Вот к тетке-то Авдотье и подалась бабушка с намерением перебить у нее все окна, битые не раз уже и не два разными другими людьми. А пока она бегала, выясняла обстановку, дед вернулся с реки, забрался на свой курятник и спокойно уснул.
Неизрасходованный заряд сжигал бабушку, и утром она выпалила его в деда. Тот выслушал бабушку сдержанно, лишь поскорбел лицом, и борода его, под Пугачева стриженная, раза два прошла вверх-вниз, чего бабушка, к несчастью, не заметила и вовремя не застопорила. Не дослушав до конца бабушку — завелась она надолго, — дед пошел во двор, вывел коня Ястреба, вынул заворину из ворот, забросил ее в гущу крапивы, и, смекнувши, к чему дело клонится, я ринулся в избу:
— Баб, а баб! Дедушка уезжает!..
— И понеси лешак! — с прежним накалом в голосе крикнула бабушка.
Бунт деда дошел до такого накала, что он не запер ворота, оставил их распахнутыми и, более того, не поднял доску в подворотне, разнес ее телегою в щепье.
— И не запирай! И не запирай! — кричала бабушка с крыльца. — И я не запру! И я не запру! Стыдобушки-то! Сраму-то! Глядите, люди добрые, как у нас ворота расхабарены! Дивуйтесь! Поло! Кругом поло! У тебя поло-то! У тебя!..
Так кричала бабушка, а сама поднималась на цыпочки, вытягивала шею, надеясь, что дедушка погром учинил сгоряча и одумается еще, воротится. Но за кладбищем телега загромыхала по камешнику Фокинской речки, с бряком, звяком пронеслась в гору и исчезла в сосняке. Ястреб, перепуганный тем, что смиренный и молчаливый хозяин, стоя во весь рост в телеге, рычал, хлестал его вожжами, мчался в гору прытче племенного жеребца, по направлению к заимке, где оставалась еще наша избушка, не занятая сплавщиками, потому как стояла далеко от запони.
Кольча-младший заменил на сенокосе дедушку, чтобы высвободить его в помощь бабушке.

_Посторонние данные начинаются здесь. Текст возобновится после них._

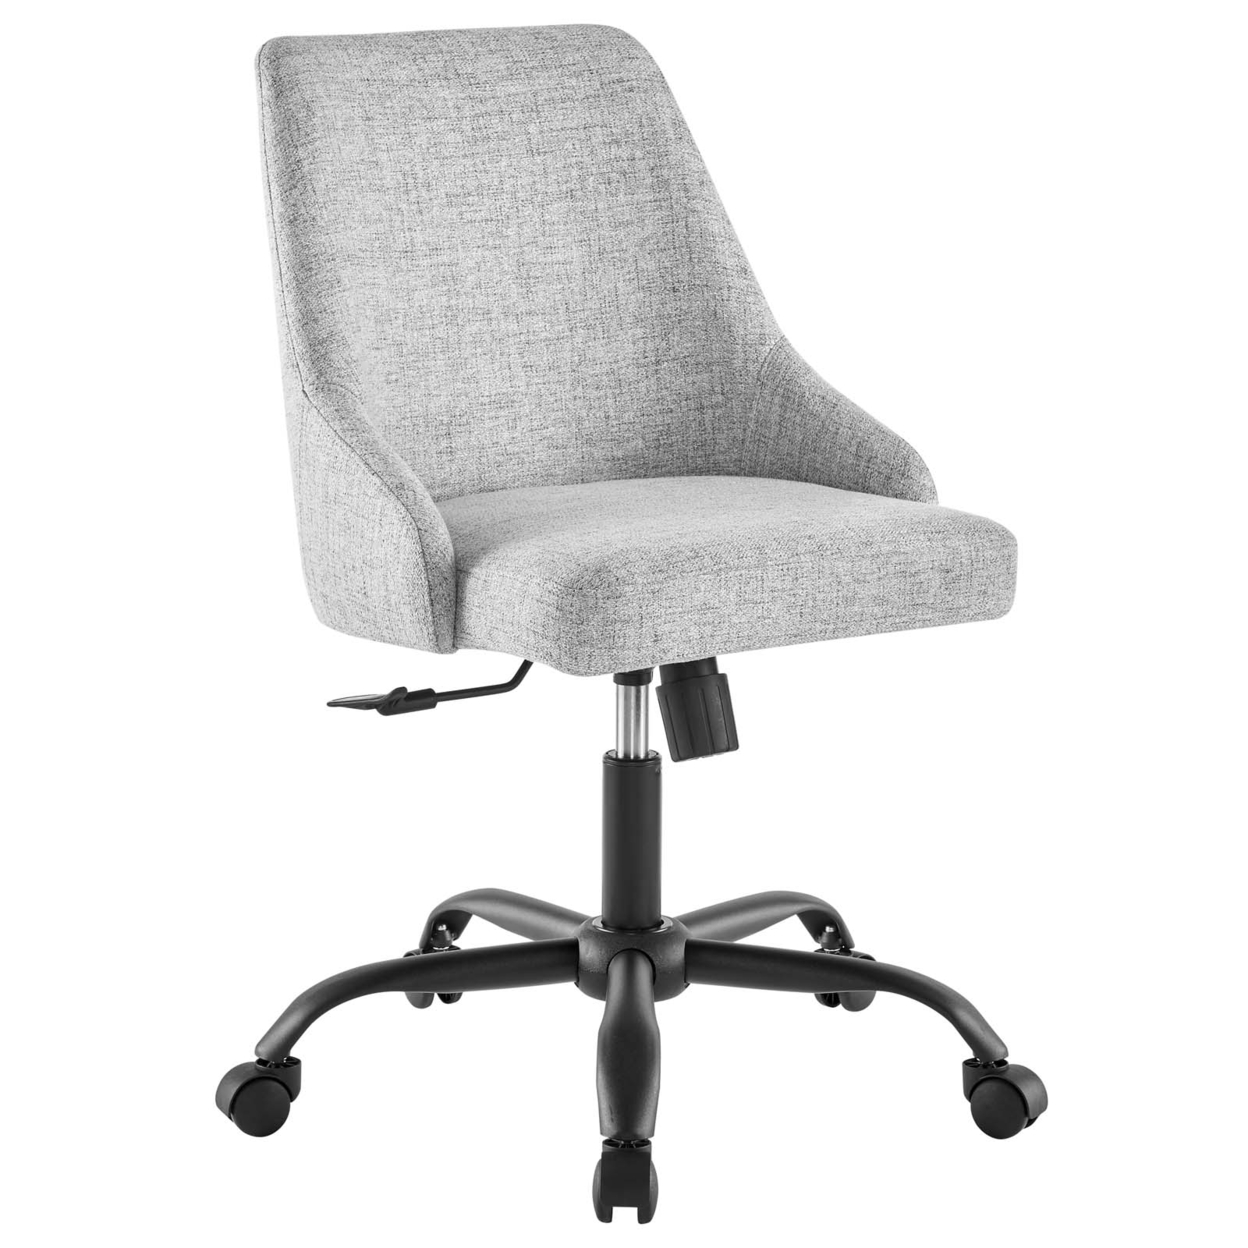 Designate Swivel Upholstered Office Chair, Black Gray

А помощник-то, вон он, был и нету!
— Ха-рашшо-о-о! Харр-ра-шо-о-о! Очень даже славно! — подбоченилась бабушка, когда звук телеги умолк в лесу. — Съедутся детки родимые, где тятя — спросят. Внуки, деточки малые — где наш дедушка родимый? А я скажу имя: милые мои деточки, ударила ему моча в голову, и умчался ваш Илья-пророк ко всем лешакам, токо телега загремела! И поймите вы, мои родимые, скажу я имя, какая моя жизнь была с таким человеком! Ведь он на лес глянет — и лес повянет! Сколько же мук приняла я, горемышна-а-а…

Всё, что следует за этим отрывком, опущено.